The purpose of providing the anti-reflective layer 70 is to prevent the light signal penetrating the light sensing element 16 from being reflected by other structures (for example, the substrate) below the light sensing element 16, because the light signal hitting other structures (for example, the substrate) is reflected back to the light sensor. The light signal of the detection element 16 will interfere with the light signal reflected by the fingerprint that the light sensing element 16 senses, thereby affecting the quality of the output fingerprint image.

Referring to FIG. 3 , according to an embodiment of the present disclosure, an electronic device 10 is provided. FIG. 3 is a schematic cross-sectional view of the electronic device 10 .
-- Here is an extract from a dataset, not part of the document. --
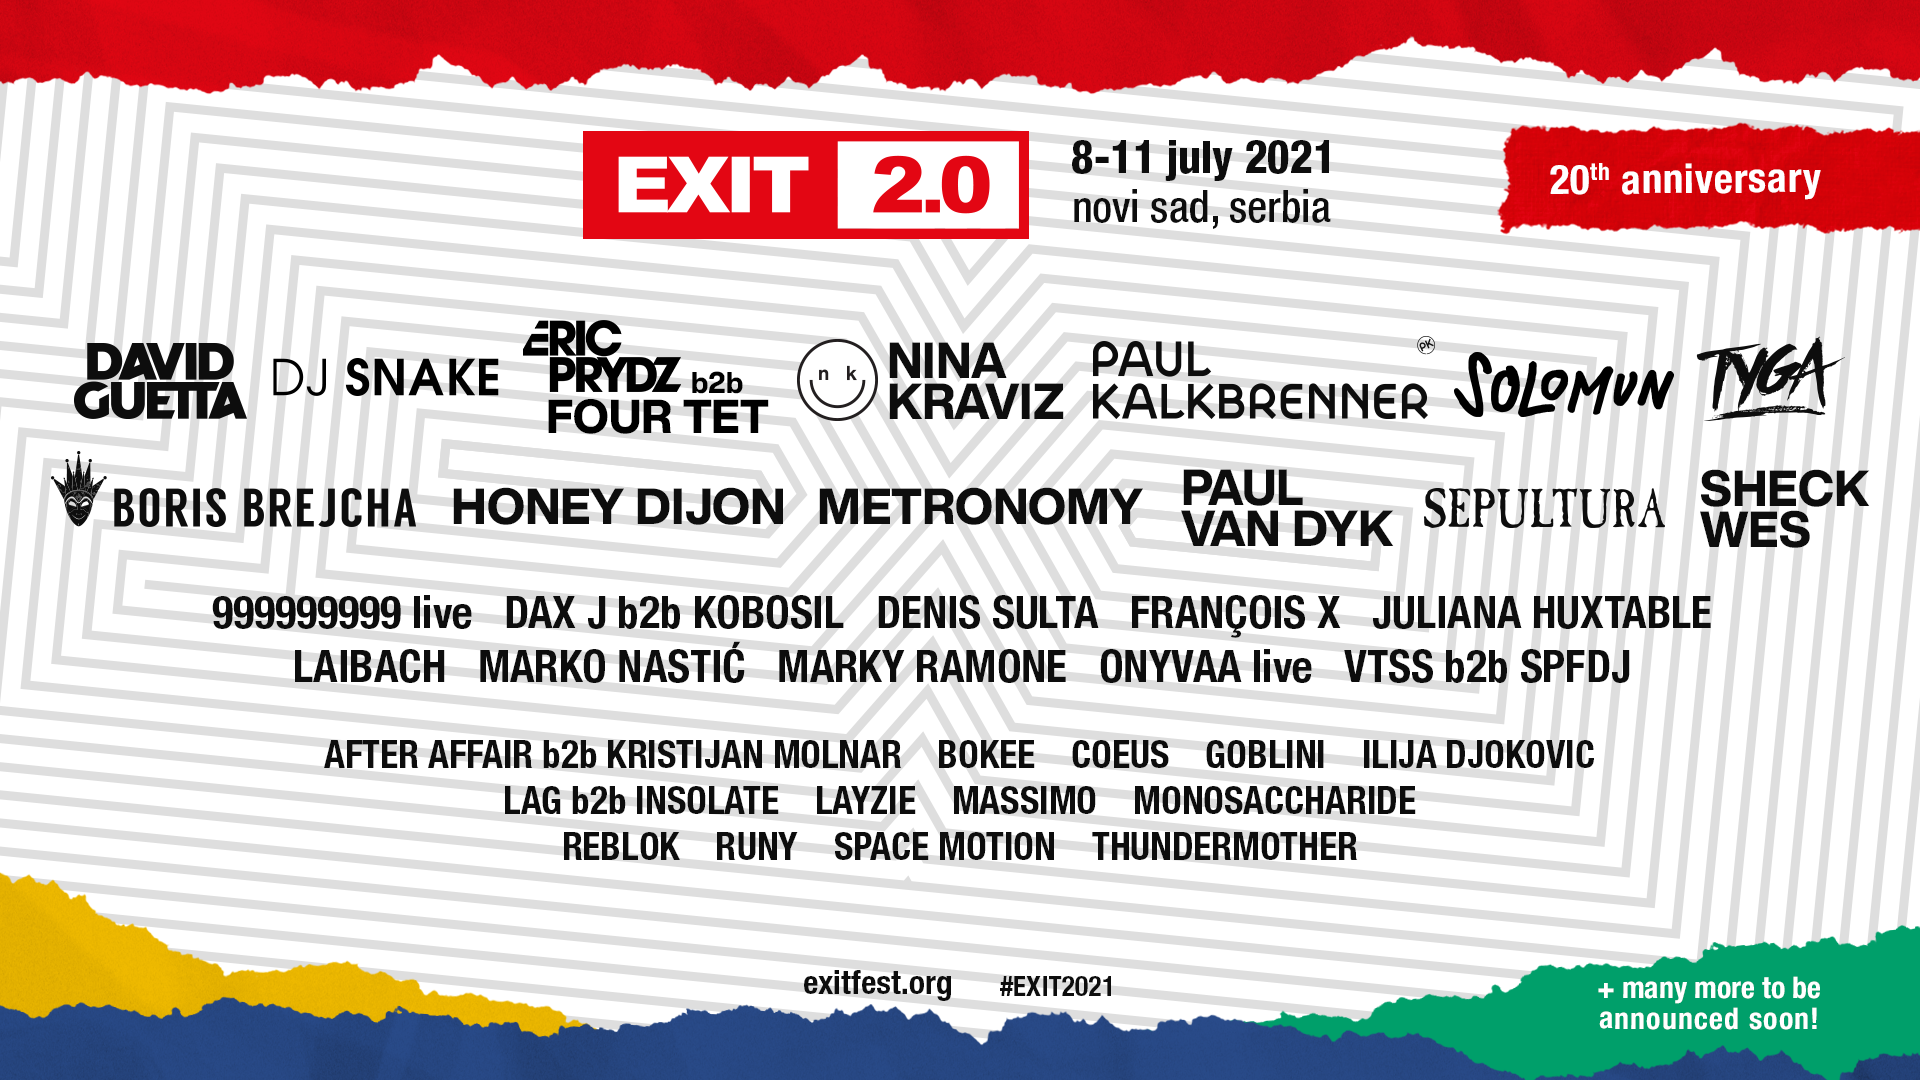 Nova imena pojačavaju veliku proslavu 20. godišnjice EXIT festivala

The structure and material composition of each component in the electronic device 10 shown in FIG. 3 is similar to the electronic device 10 shown in FIG. 1 , and will not be described again here. The main difference from Figure 1 is that in Figure 3, the anti-reflection unit 12 includes a substrate 12' and an anti-reflection layer 70, and the anti-reflection layer 70 is disposed on one side of the substrate 12'. Specifically, the substrate 12' includes a first side S1 and a second side S2 opposite to the first side S1. The anti-reflective layer 70 may be disposed on the first side S1 of the substrate 12', and the circuit layer 14 may be disposed on the second side S2. Circuit layer 14 may include thin film transistors 33 . The light sensing element 16 is disposed on the circuit layer 14 and is electrically connected to the thin film transistor 33 . The material composition and dimensions of the anti-reflective layer 70 and other components shown in Figure 3 are as mentioned above and will not be described again here. The anti-reflective layer 70 is disposed under the substrate 12' (first side S1) and can be used to absorb the light signal penetrating the light sensing element 16 and the substrate 12 to prevent the light signal from being reflected back to the light sensing element 16.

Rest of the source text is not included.